Flu appears to be killing more children than adults under 50

Warning: Flu activity is elevated for children aged 3 and younger, but milder for young adults. CDC

A particularly deadly strain of the flu is killing more people in young children than in older adults, according to a CDC report.

The death rate of children aged 2 and younger with influenza-like illness was especially high in adults under age 50, with three times as many deaths as the overall pediatric death rate for flu.

For adults aged 50 to 64, the rate of fatalities was extremely low, but the rate of deaths among children younger than 5 was six times higher than the overall mortality rate.

Why the greater rate of death among young children? Although the CDC is unclear, it says the increases might have to do with differences in the lives of young children and their ability to recognize symptoms.

“With children age 3 and younger, many don’t get up immediately when the symptoms start,” said Eliseo Dejesus, the CDC’s epidemiologist in charge of the division that oversees H1N1 and influenza in children. “They may not be feeling well for a few days and then there’s a delay between the onset of flu symptoms and when they seek medical care.”

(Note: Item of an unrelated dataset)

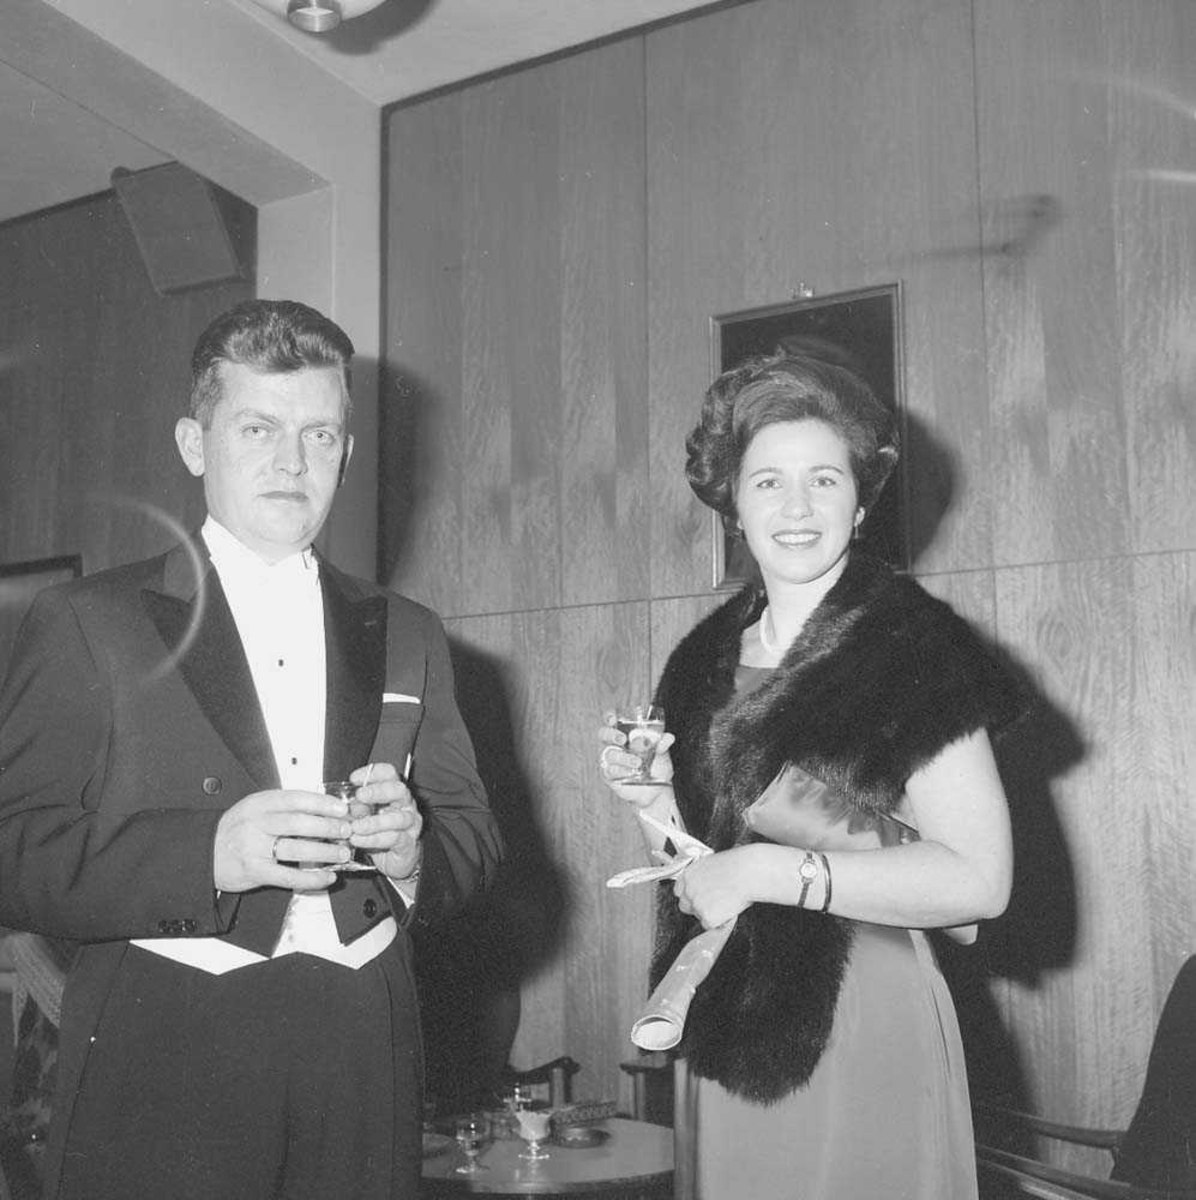 Garnisonsballet 1965, i Messe I på Bodø flystasjon. Odd Svang-Rasmussen med kone ønsker gjestene velkommen til ballet.

The nation’s deadliest and most deadly strain of influenza this year has been the H3N2 strain, which has largely targeted young children, although others may have been exposed to it. The high death rate may also suggest that H3N2 strains tend to cause more infections and more hospitalizations among young children because the virus lives longer in the lungs, said Dr. Thomas Frieden, the CDC’s director.

“Young children, in particular, are not used to the intense body aches,” he said. “The phenomenon of adults who haven’t had this kind of activity before are disproportionately hurting.”